Give the listing again word for word, excluding the pictures it contains.
(Supplied data Opens)
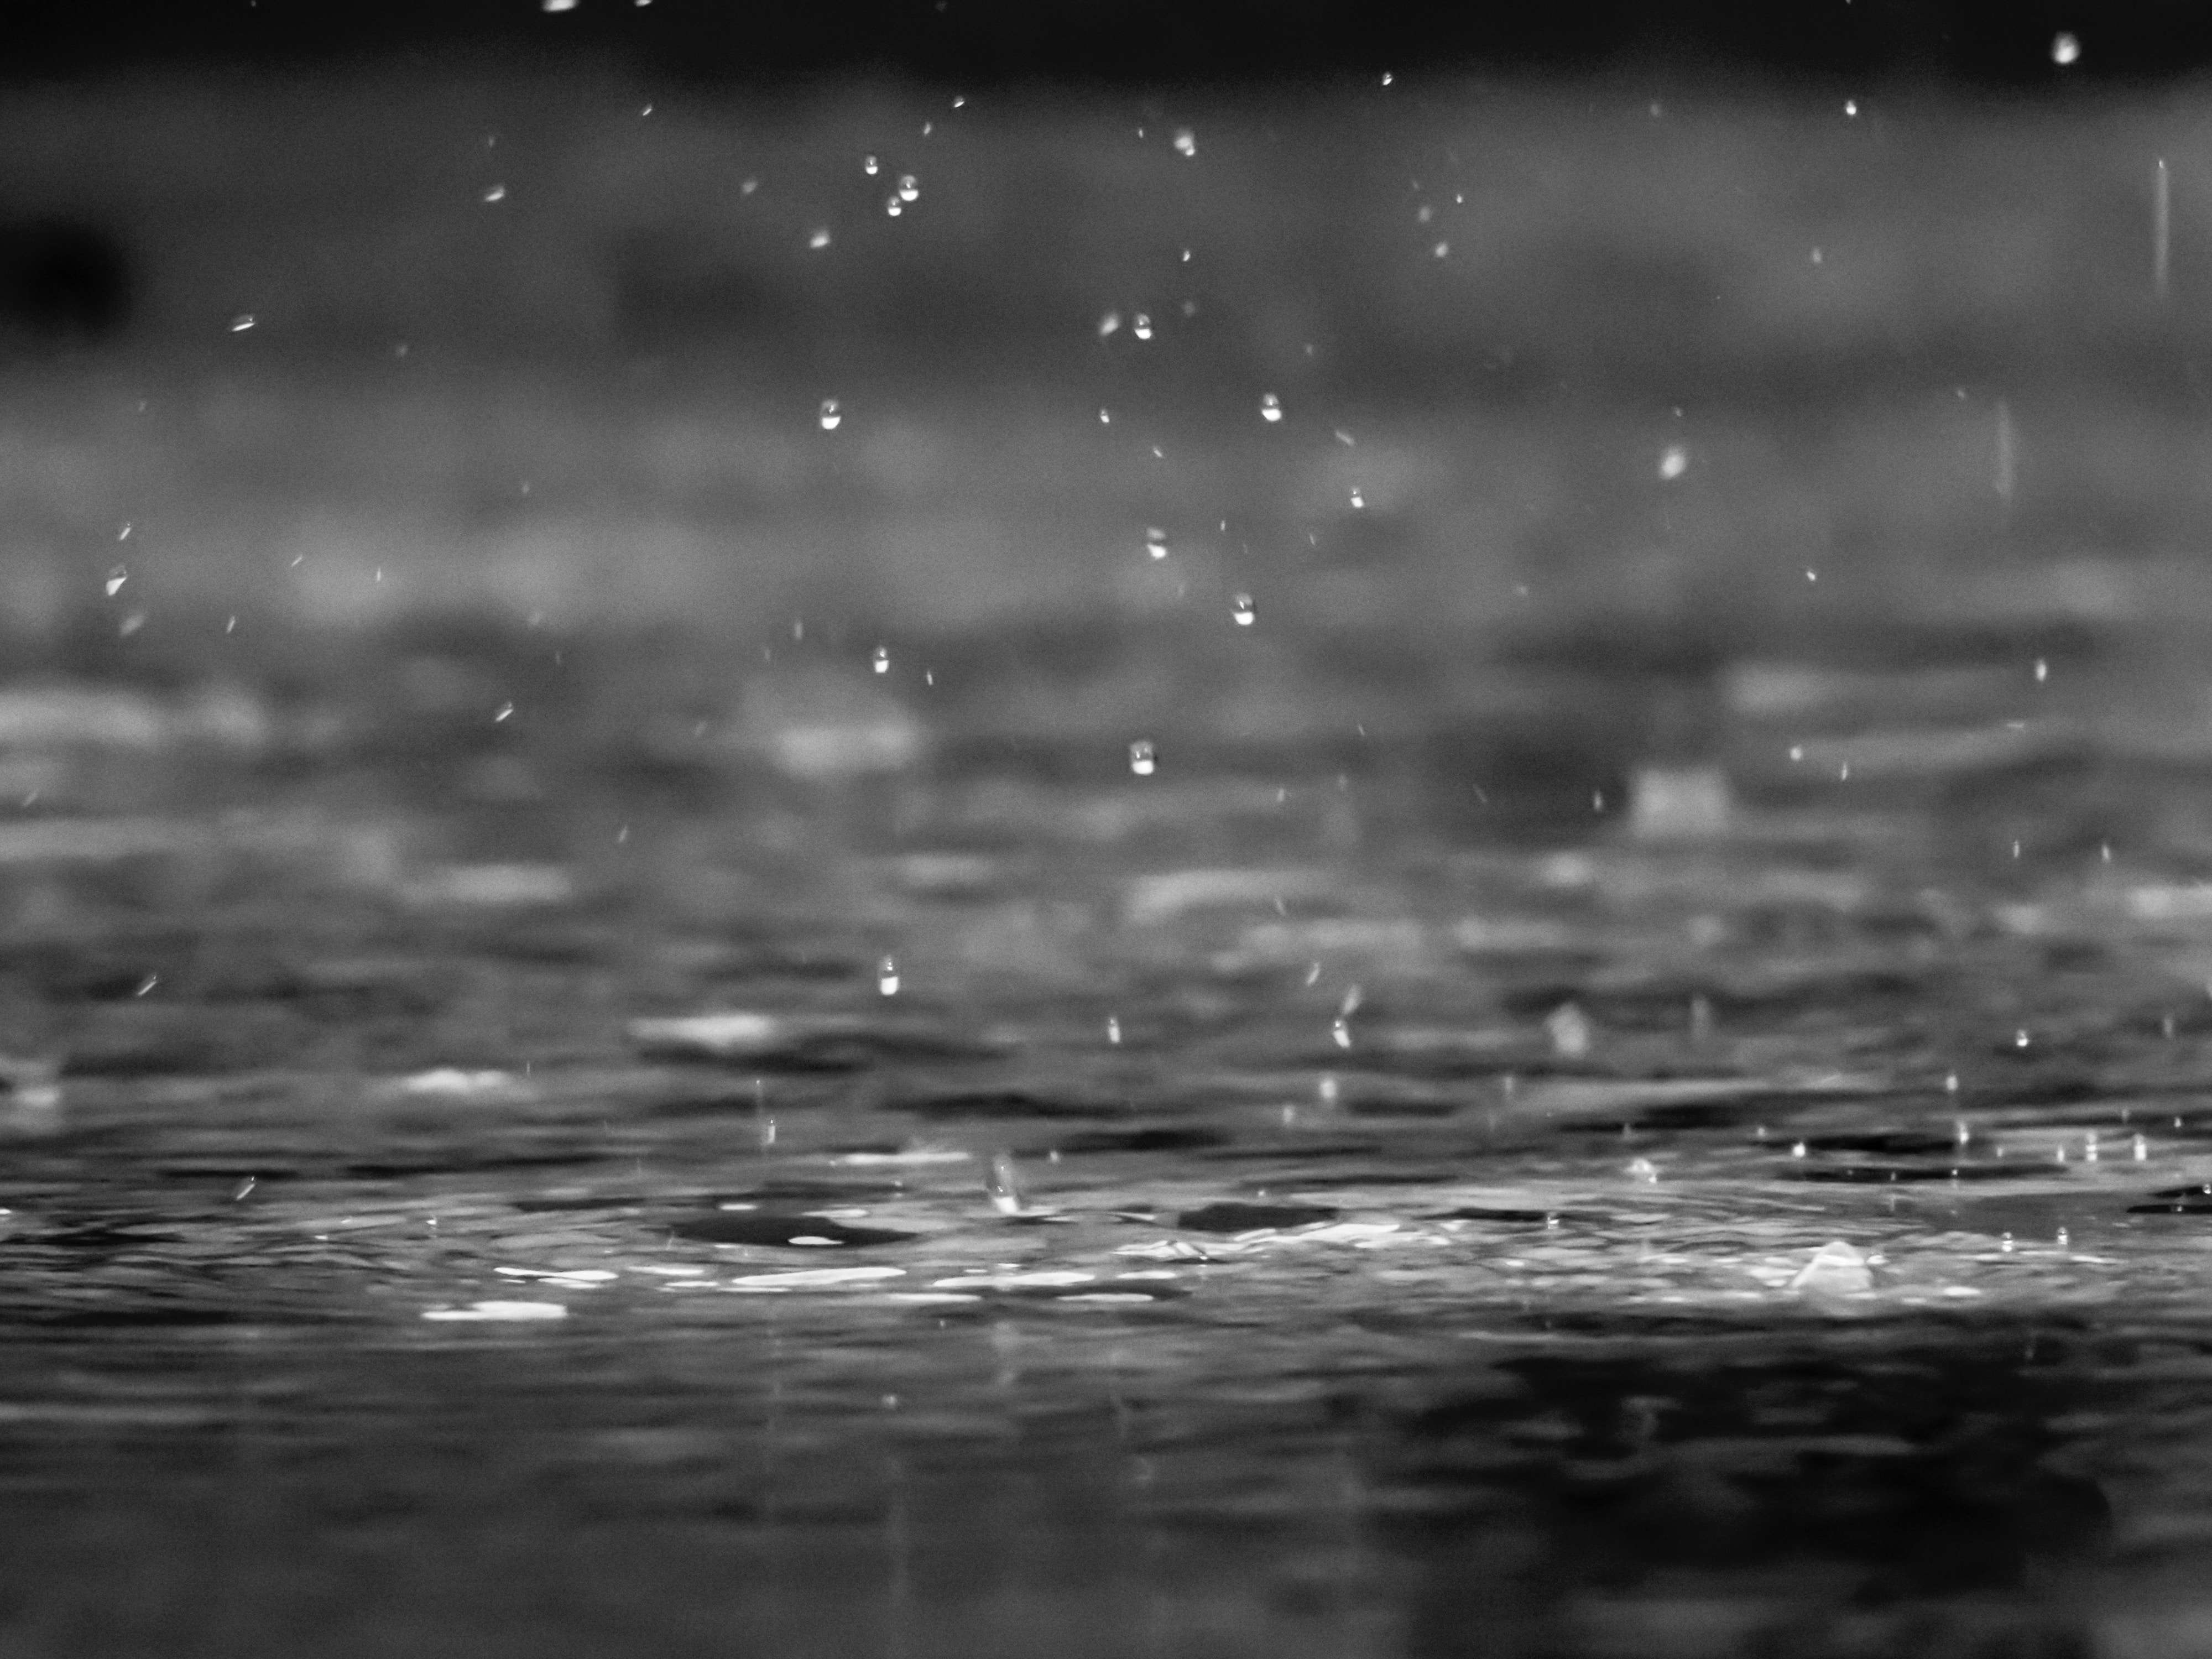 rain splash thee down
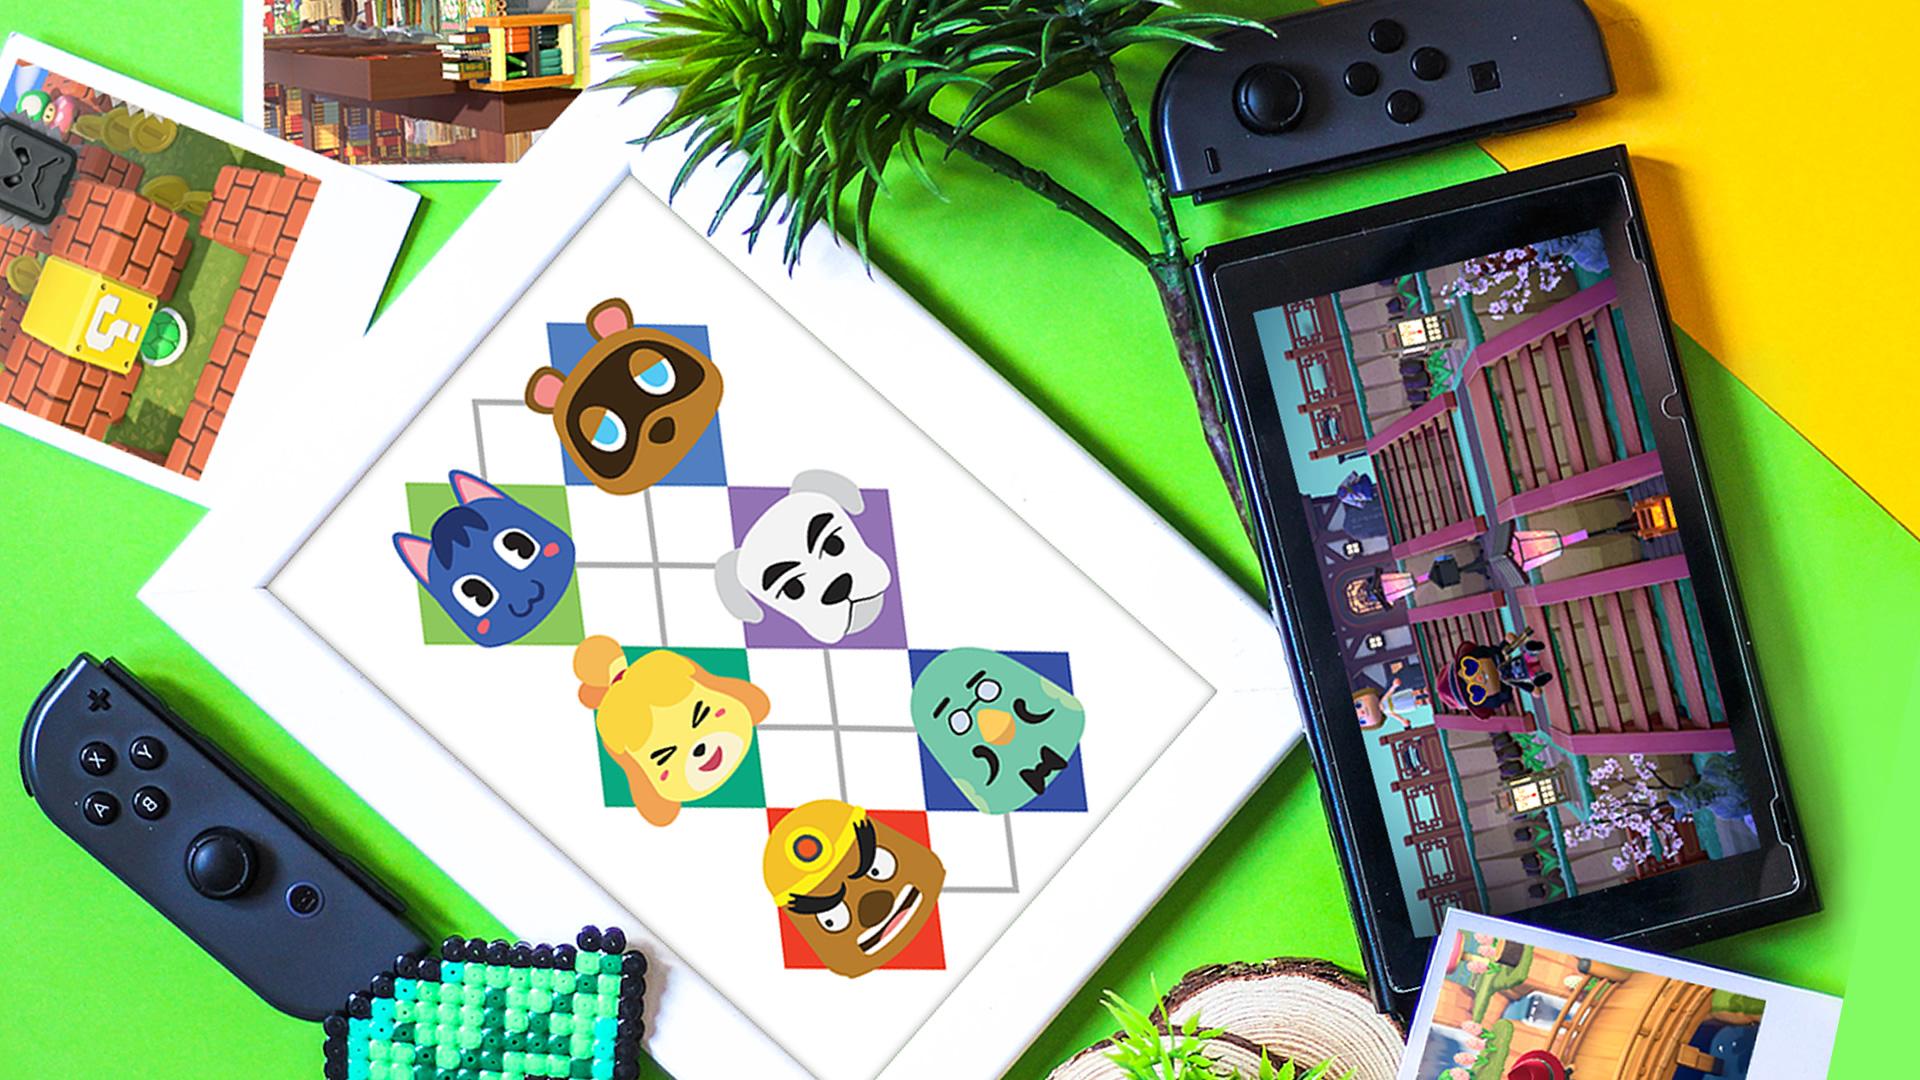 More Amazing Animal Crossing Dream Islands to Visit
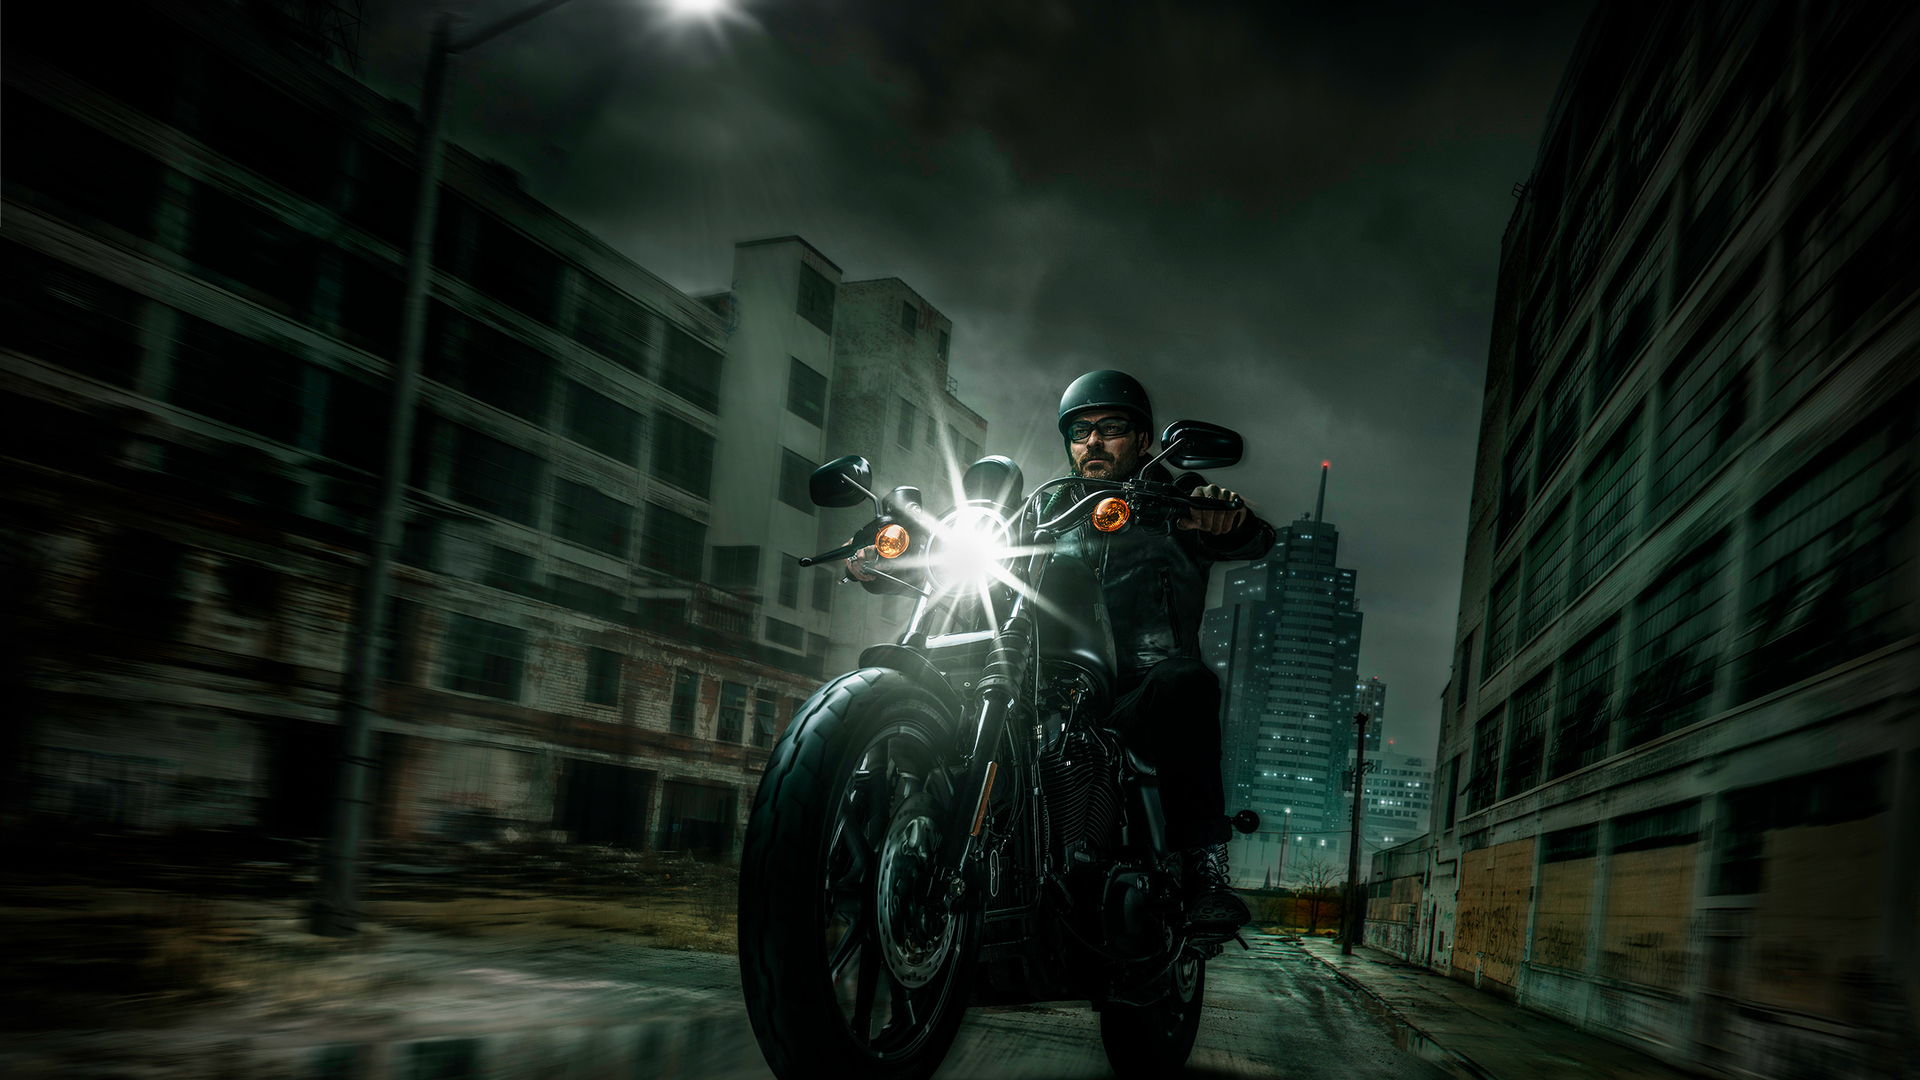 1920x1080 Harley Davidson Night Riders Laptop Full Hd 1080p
(Supplied data Closes)
> Response to the task
 rain splash thee down
 More Amazing Animal Crossing Dream Islands to Visit
 1920x1080 Harley Davidson Night Riders Laptop Full Hd 1080p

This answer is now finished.